Microsoft AI researchers develop ‘Ekya’ to solve data drift problem on Edge compute box and allow both reconversion and inference to coexist on it
This article is based on the research paper 'Ekya: Continuous Learning of Video Analytics Models on Edge Compute Servers'. All credit for this research goes to the researchers of this paper from Microsoft, UC Berkeley and University of Chicago 👏👏👏 Please don't forget to join our ML Subreddit
Deep Neural Network (DNN) models for object recognition and classification, such as Yolo, ResNet, and EfficientNet, are used in video analytics applications such as urban mobility and smart automobiles. There is a symbiotic link between edge computing and video analytics, claiming that live video analytics is the “killer app” for edge computing. Edge devices come in different sizes and designs, but they are still resource constrained compared to the cloud. Video analytics deployments send video to on-premises edge servers. The article discusses the difficulty of simultaneously supporting inference and recycling tasks on edge servers, which requires navigating the fundamental trade-off between recycled model accuracy and inference accuracy. Edge computing is preferred for video analytics because it eliminates the need for expensive network lines to stream video to the cloud while simultaneously maintaining video privacy. Edge computing has a finite amount of resources (e.g. with weak GPUs). The mismatch between the increasing rate of the model’s computational needs and the total number of processor cycles exacerbates this problem. Therefore, model compression is used in edge deployments.
Due to limited resources at the edge, lightweight machine learning (ML) models are needed. Using model specialization and compression techniques, the community has created edge models with significantly smaller compute and memory footprints (by 96x for object detector models). Such models are ideal for edge deployment.
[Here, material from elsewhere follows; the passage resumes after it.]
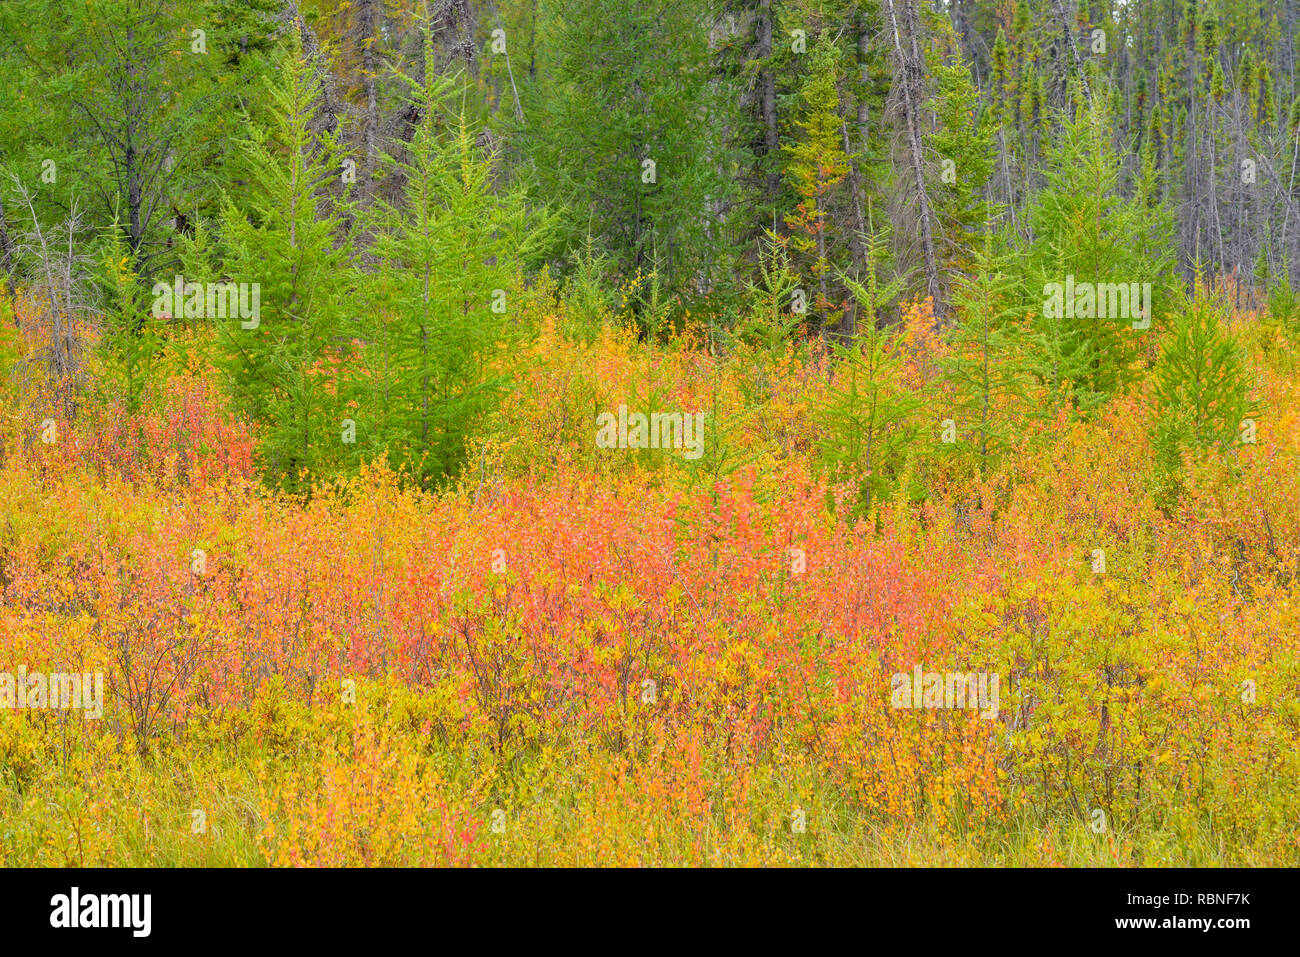 Colores del Otoño en un humedal (abedules enanos y alerces), cerca del río de heno (Hwy 5/6 intersección), Territorios del Noroeste, Canadá Foto de stock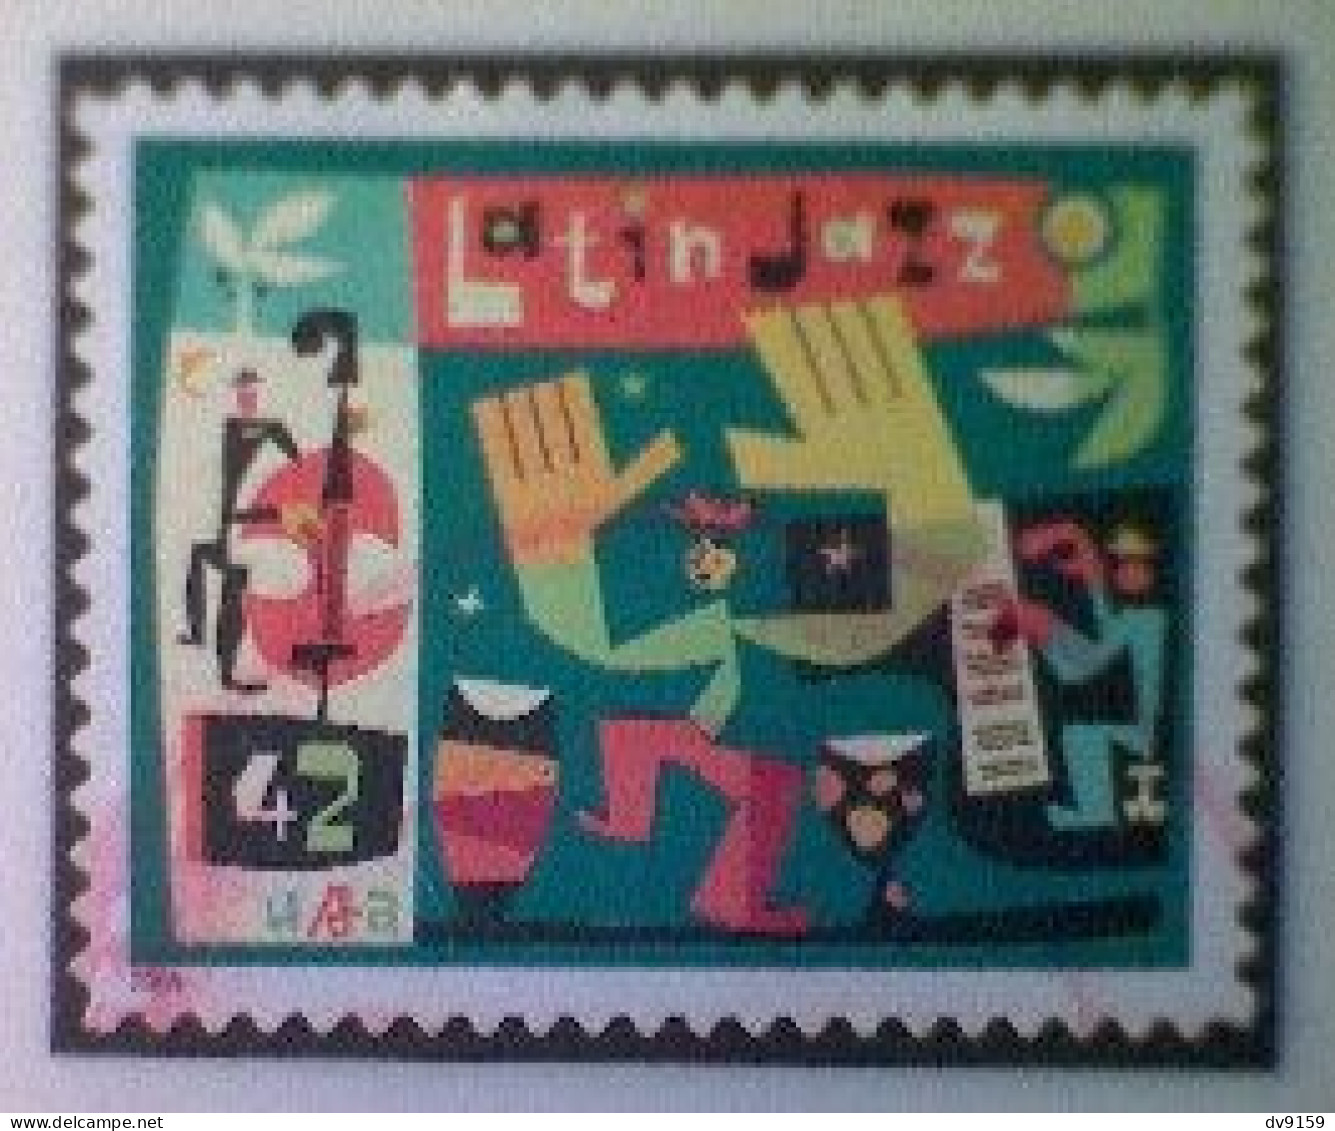 United States, Scott #4349, Used(o), 2008, Latin Jazz, 42¢, Multicolored - Usados

On-premises edge servers are often used to analyze video in video analytics implementations (for example, from AWS or Azure). A typical edge server can handle dozens of video streams, such as those from construction cameras, and each stream has its specialized pattern (see Figure 1). Edge computing is used in video analytics applications for the following reasons. 1) Edge deployments are typical in places where the uplink network to the cloud is prohibitively expensive for sending continuous video streams, such as on oil rigs with expensive satellite networks or in cars smart with data-limited cellular networks. 2) There are failures in the network links outside the peripheral sites. Edge Compute ensures that data is not lost in the event of a cloud outage and disruptions are avoided. 3) Videos often contain sensitive and personal information that users do not want uploaded to the cloud (for example, many cities in the EU legally require traffic videos to be processed onsite). Therefore, it is better to run both inference and recycling on the edge compute device rather than relying on the cloud for network cost and video privacy. Cloud-based solutions are slower and less accurate than edge deployments with conventional bandwidths.
So far so good, but data drift is the villain of the story! This is a phenomenon where real-time field data differs significantly from training data. Continuous model retraining – Continuous learning is a promising strategy to deal with data drift. Even though some previous information is retained, the edge DNNs are progressively recycled on new video samples. Continuous learning techniques regularly recycle DNNs; the time between two relearnings is called “relearning window”, and a sample of the data accumulated during each window is used for relearning. This continuous learning helps compressed models maintain their high accuracy.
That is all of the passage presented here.